إِنَّمَا اْلأَعْمَالُ بِالنِّيَّاتِ وَإِنَّمَا لِكُلِّ امْرِئٍ مَا نَوَى

“Sesungguhnya seluruh amal perbuatan itu dengan niat, dan setiap orang mendapatkan balasan tergantung pada apa yang ia niatkan”. (HR. Bukhari dan Muslim)

Jangan sampai sambutan kita terhadap tamu tidak berbuah pahala dikarenakan niat yang tidak baik.

Adab kedua bagi tuan rumah adalah, menerima tamu dengan baik.

Ketika kita menerima tamu maka terimalah dengan baik, kita bisa menerimanya dengan senyum yang tulus, wajah yang ceria, atau mengucapkan kata-kata selamat datang dan sambutan yang baik.
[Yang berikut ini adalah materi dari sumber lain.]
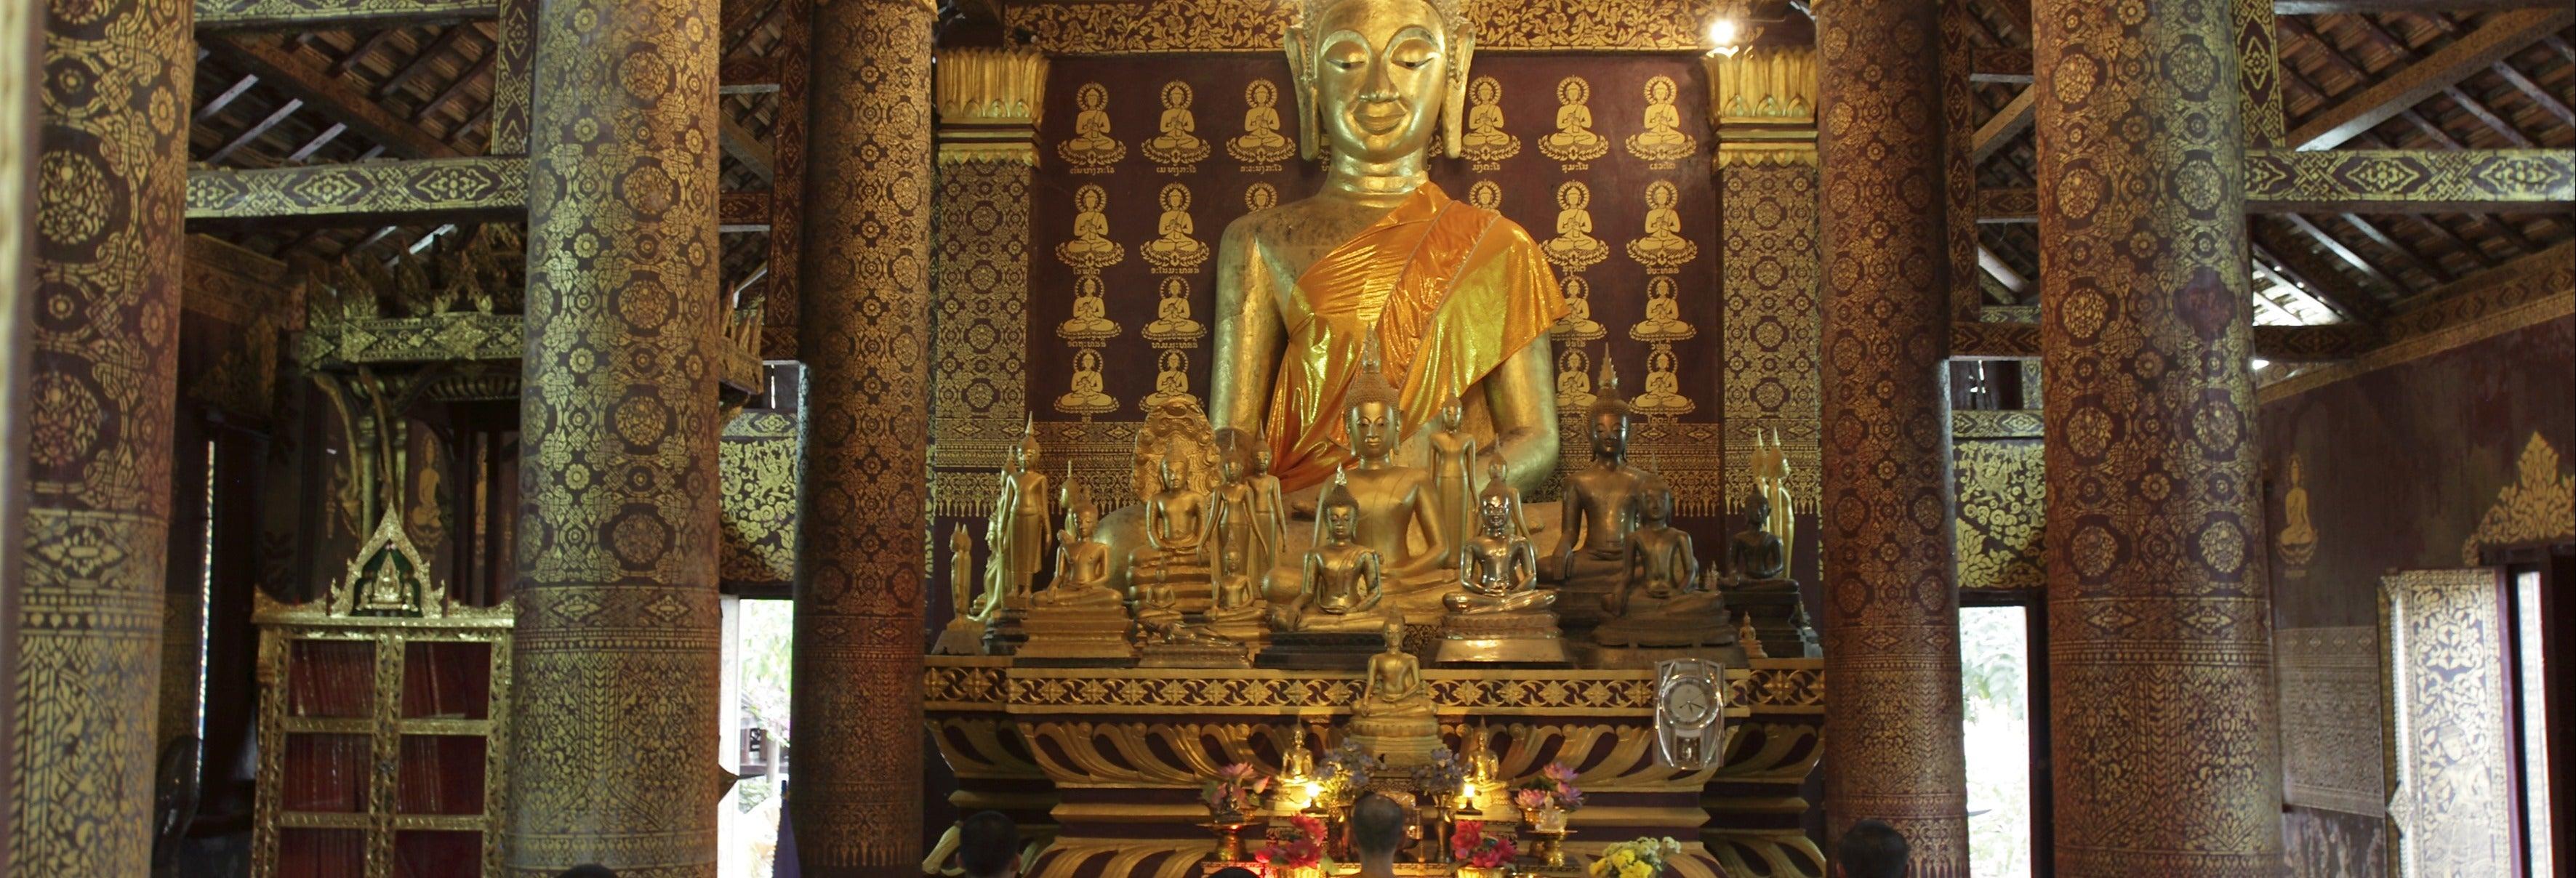 Visita guiada por Luang Prabang

Karena sesungguhnya hal tersebut akan melapangkan hati tamu, dan membuat mereka dihormati di sisi saudaranya.

Sebagian orang ada yang tidak peduli, acuh tak acuh, dan tidak mau memberi senyum kepada tamunya. bahkan orang tersebut menunjukkan muka masam di hadapan tamunya, sehingga sang tamu merasa tidak enak, segera ingin kembali, dan yang lebih parah lagi kemungkinan besar sang tamu tidak ingin berkunjung lagi.

Meskipun tamu sudah disuguhkan jamuan yang serba wah, akan tetapi jika sang tuan rumah bermuka masam atau cemberut, maka yang terjadi adalah sang tamu akan merasa tidak nyaman, tapi meskipun hanya disuguhi air putih, jika tamu di sambut dengan wajah yang ramah dan senyuman yang tulus, maka hal tersebut akan lebih membuat sang tamu merasa betah dan enak.

Nabi shalallahu alaihi wasallam mencontohkan hal ini ketika menyambut putri beliau, Fathimah radhiallahu anha, Nabi shalallahu alaihi wasallam mengatakan ”selamat datang wahai putriku”. Bisa kita bayangkan hanya menyambut sang putri saja yang itu adalah di bawah bimbingannya, Rasulullah shalallahu alaihi wasallam menyambutnya dengan kata-kata yang indah dan membuat sang putri merasa dihargai. Apalagi ketika menyambut orang lain, apalagi menyambut tamu yang datang dari jauh.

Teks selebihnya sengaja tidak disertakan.